T-stat located on the right side kinda behind the first/second bricks.  Move them apart a little bit so it's not behind the bricks and more exposed directly in the box.   My buddies hit it with a propane torch to help heat up, i don't though.   So if from a cold start and with proper kindlin i can get it to start in ~25-30mins. at most, the key is a quick hot fire, make sure lots of good small-medium wood and get it blazen, then when burn down go for your first good load!


----------



## scojen (Jan 15, 2012)

during a cold start, I usually place alot of kindling right in front of the right fire brick and start it from there, so that my fan kicks on sooner.


----------



## Fahrenheit451 (Jan 16, 2012)

I slid that rightmost fire brick over two inches and it has helped the fan to kick on sooner and more frequently.

Thanks for the suggestion.

However, it still seems to me that it really does not stay on nearly enough.  With the good bed of hot coals and fire burning in there, I would think the fan would stay on the whole time.

Perhaps the very cold outdoor temps are screwing with it.  It has been single digits outside the last couple days.  So perhaps that cold air blowing across the steel is cooling it too much.

I imagine I am losing a ton of heat right out the cooling vents on the outside.  Too bad they did not engineer some sort of mechanical damper on those outside air vents for days like this.  Something that automatically opens and closes depending on temperature.


----------



## Got Wood (Jan 16, 2012)

What fan speed are you using? I find when the temps are real cold using the fan on high speed cools the fire box down pretty fast and the fan shuts off. Running the fan on low speed seems to help provide more of a consistent output


----------



## Woodrow (Jan 16, 2012)

Im in the process of deciding on my own ZC fireplace. What's your experience so far with 44? I'm leaning toward the 36. One thing I'm wondering though, will this FP put out heat when the electricity is out? Curious if the FP creates heat by natural convection if the blowers off. If so it may not mean anything bad that your blower isn't coming on in really cold weather.


----------



## Fahrenheit451 (Jan 16, 2012)

GW, yes, it definitely goes on and off more frequent with the blower set to high.

Woodrow, I like the 44 especially since it can take 2' logs easily.  It throws off a lot of heat but I am finding that it does not heat as efficiently as a wood stove.  Looks a million times better though.  
It has done a great job heating our 2500 sq ft. house up until these single digit days.  Even then it burns well but it seems that the fan blower kicks on and off and at times it stays off longer than I would like.

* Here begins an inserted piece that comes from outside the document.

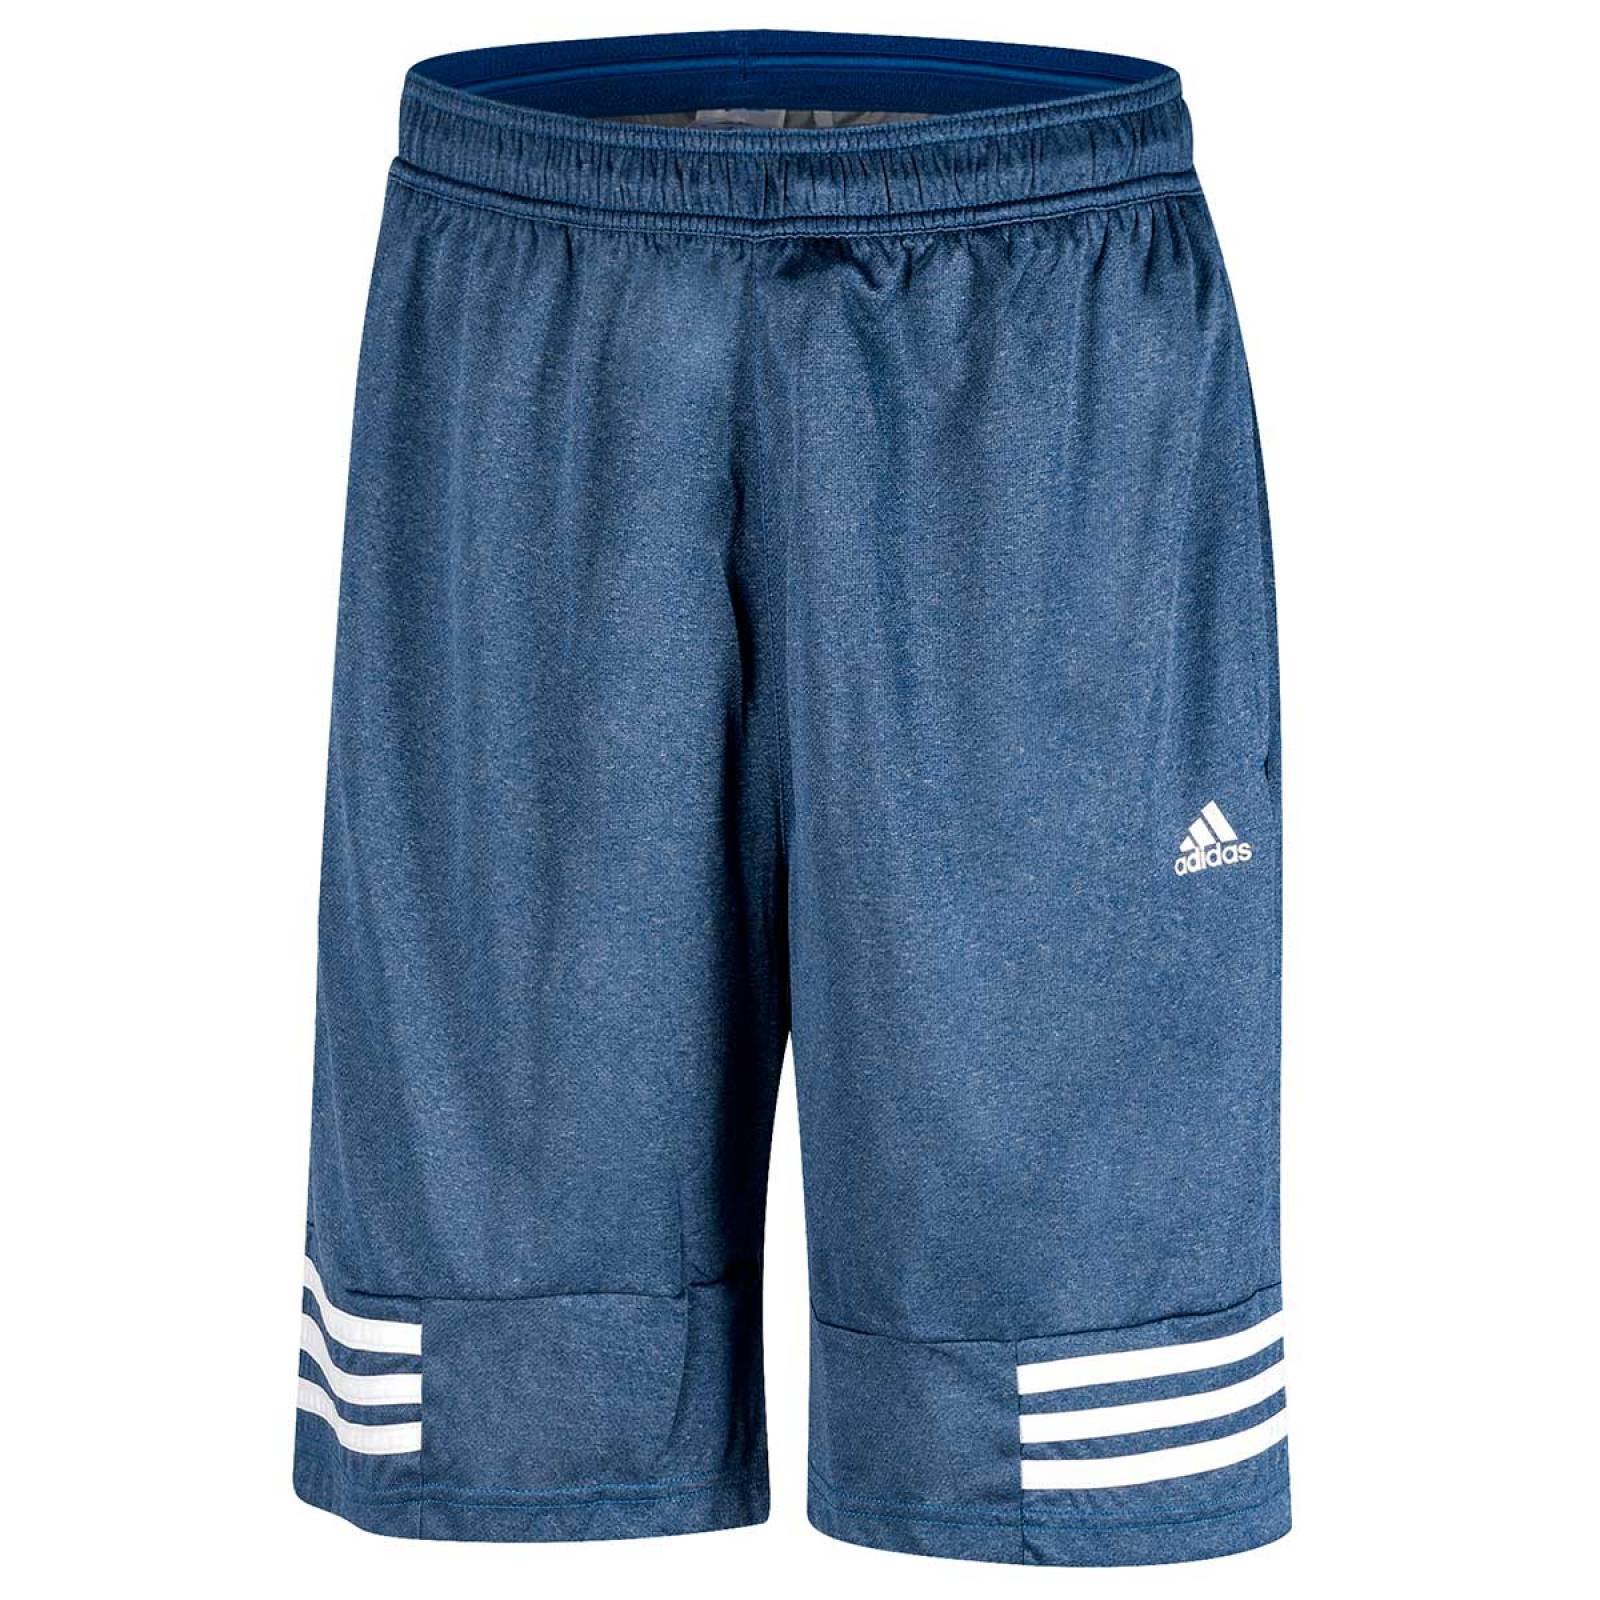 Adidas Short-bermuda Hombre Azul

When the fan is off, it still radiates heat and allows convection.  This just does not warm up the house in the morning as fast as when the blower is helping.  We have already used the FP during a power outage.  It did fine but I dialed down the burn rate because I did not want to risk overheating the box.


----------



## Treacherous (Jan 16, 2012)

How hard is it to put a bypass switch in?  I'm going to do that next year on my Lopi.  Generally the snap disk works fine but sometimes when just burning on coals and getting down in the 200-300 degree range it turns off.  I'd like to be able to bypass this and continue running.  This is mainly a shoulder season issue for me.


----------



## Fahrenheit451 (Jan 17, 2012)

It appears the bypass switch installation is a simple one.  

I just know that I will forget to shut it off at times and it will be pumping that cold outside air into the house.

Perhaps I can install some sort of timer switch like they put on bathroom exhaust fans...

I just wish I could dial down the temp sensitivity on the built in t-stat.


----------



## Woodrow (Jan 17, 2012)

What about the blower fan variable speed knob at the lower right of the unit? Can't you dial this down so that a lower flow rate is adjusted and it doesn't cool the box off too rapidly? That way it would tend to stay on and deliver a gentler flow of constant heat instead of clicking on full blast, over cooling the box and then switching off for extensive periods of time until it reheated again. Unless it doesn't work like that and I'm misunderstanding the function of the blower switch knob?


----------



## Fahrenheit451 (Jan 17, 2012)

When it is very cold outside, it will kick on and off regardless of the reostat speed control setting.  It does run longer intervals with it set to low, but again, I need more air flowing through it.  The firebox is plenty hot and the blowing air is warm when it shuts off.  It isn't as if the air is cool when the t-stat shut it off.  I think the manufacturer could have fine tuned the t-stat setting better than it did.  I might see if I can wire in an additional lower setting T-stat in parallel with it.  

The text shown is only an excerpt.